Apesar das dificuldades existentes e pelos motivos expostos aqui, o desenvolvimento de uma indústria nacional de fitoterápicos é fundamental para o progresso dessa área no Brasil.
Cecilia E. F. Ognibene – Farmacêutica.
Luis Carlos Marques – Farmacêutico, com especialização em Fitofármacos e Fitoterápicos, mestrado em Botânica e doutorado em Psicobiologia.
Nota: artigo baseado em Introdução à Fitoterapia Científica. Disponível em https://wzukusers.storage.googleapis.com/user-33404663/documents/5b158371a86d84Bo7N7x/22.%20Material%20de%20divulga%C3%A7%C3%A3o%20-%20fitoterapia%20cient%C3%ADfica%20Eurofarma.pdf.
Referências bibliográficas
Brasil. Agência Nacional de Vigilância Sanitária. Consolidado de normas da COFID (Versão II). Orientações sobre o item 8.3 da RDC 48/2004. Brasília, DF, maio de 2010a.
Brasil. Agência Nacional de Vigilância Sanitária. RDC 10 de 09.03.2010. Dispõe sobre a notificação de drogas vegetais junto à Agência Nacional de Vigilância Sanitária e dá outras providências. Diário Oficial da União, Brasília, DF, 10 de março 2010b.
Brasil. Agência Nacional de Vigilância Sanitária. RDC 14 de 31.03.2010. Dispõe sobre o registro de medicamentos fitoterápicos. Diário Oficial da União, Brasília, DF, 05 de abril 2010c.
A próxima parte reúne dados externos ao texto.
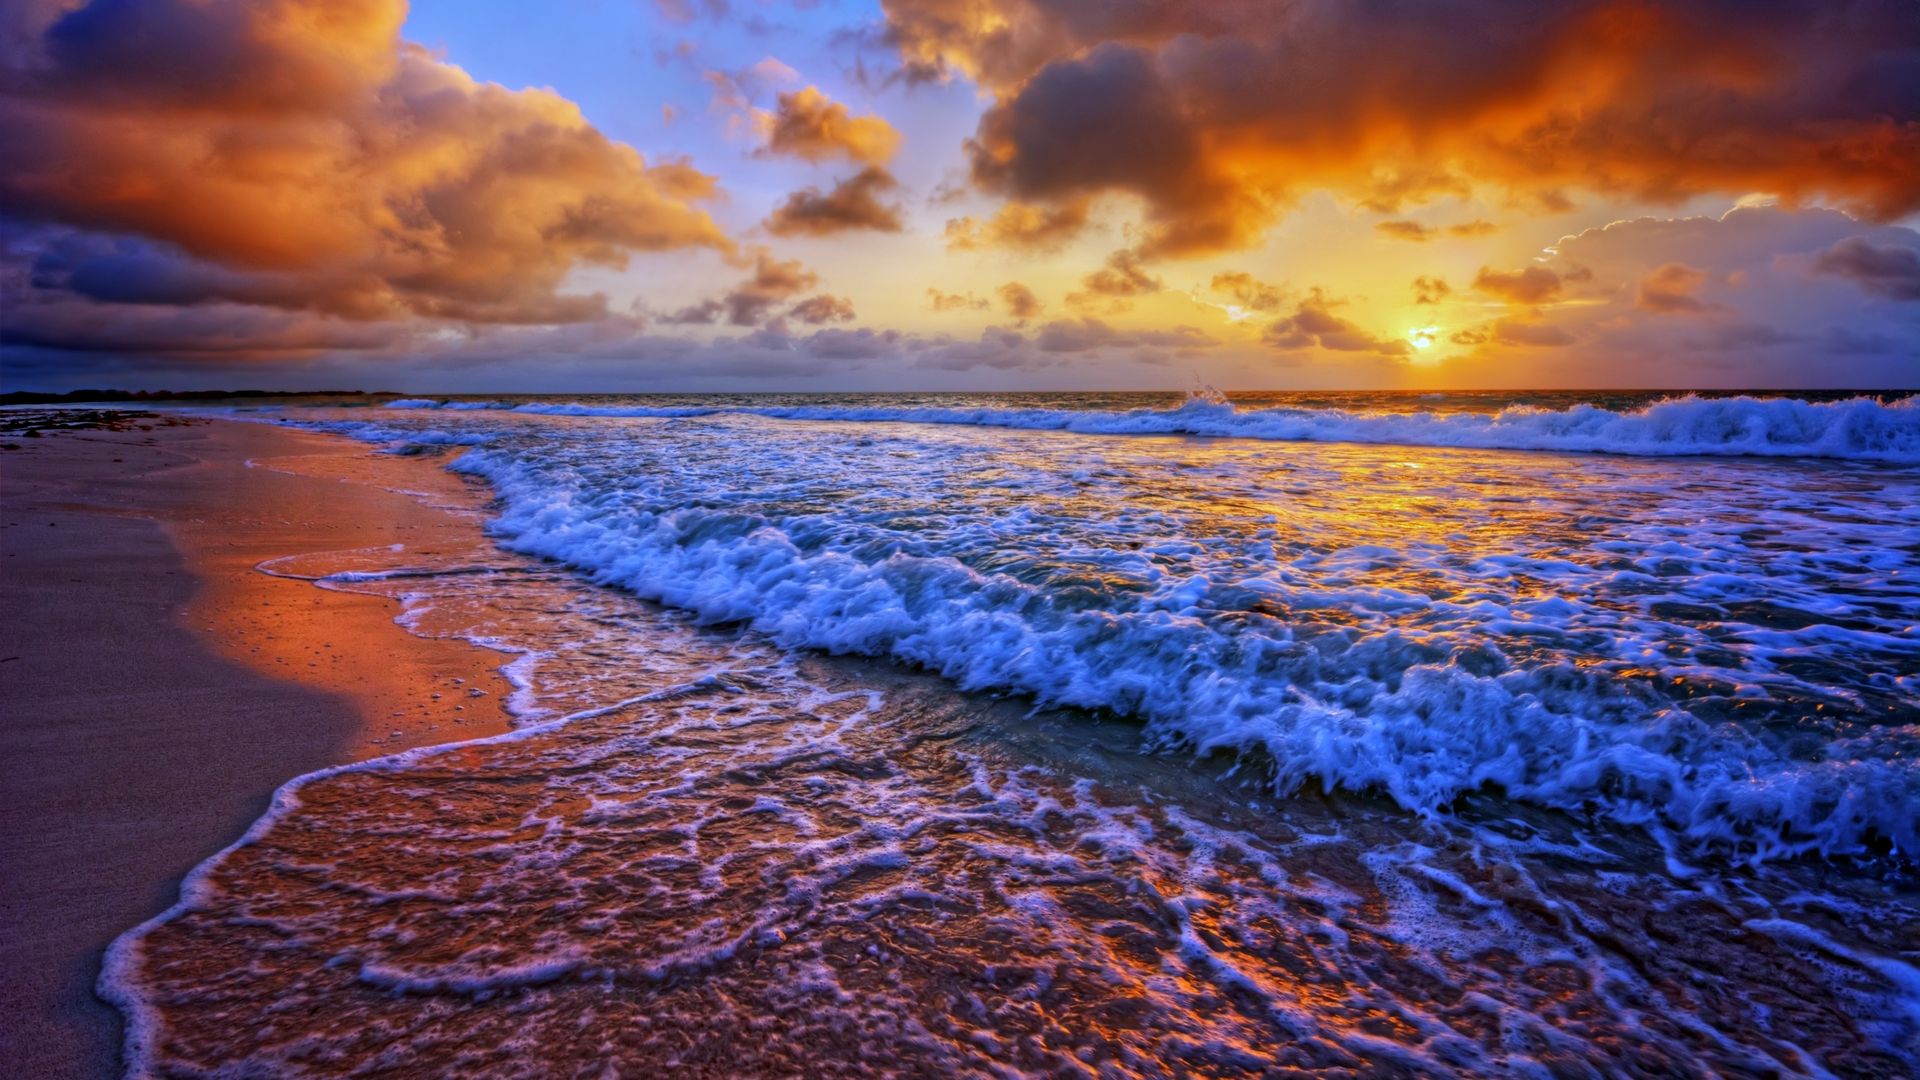 Beach Sunset Wallpaper 1080p Flip

Marques, L. C. Fitoterápicos: perspectivas de novos e antigos produtos. In: Haraguchi, L. M. M., Carvalho, O. B. Plantas medicinais. São Paulo: Secretaria Municipal do Verde e do Meio Ambiente, 2010. p. 124-128.
Organización Mundial de la Salud. Pautas para la evaluación de medicamentos herbários. Genebra, 1991.
Pavan, A. G. Baccharis trimera, a plant used in popular medicine in Brazil. Anais da Faculdade de Farmácia e Odontologia da USP, 10: 205-214, 1953.
Schulz, V.; Hänsel, R.; Tyler, V. E. Fitoterapia racional: um guia de fitoterapia para as ciências da saúde. 1ª. ed. Barueri: Manole, 2002.
Taniguchi, S. F.; BersaniI-Amado, C. A.; Sudo, L. S.; Oga, S. Effect of Pfaffia iresinoides on the experimental inflammatory process in rats. Phytotherapy Research, v.11, p. 568-571, 1997.
World Health Organization. Research guidelines for evaluating the safety and efficacy of herbal medicines. Manila, 1993.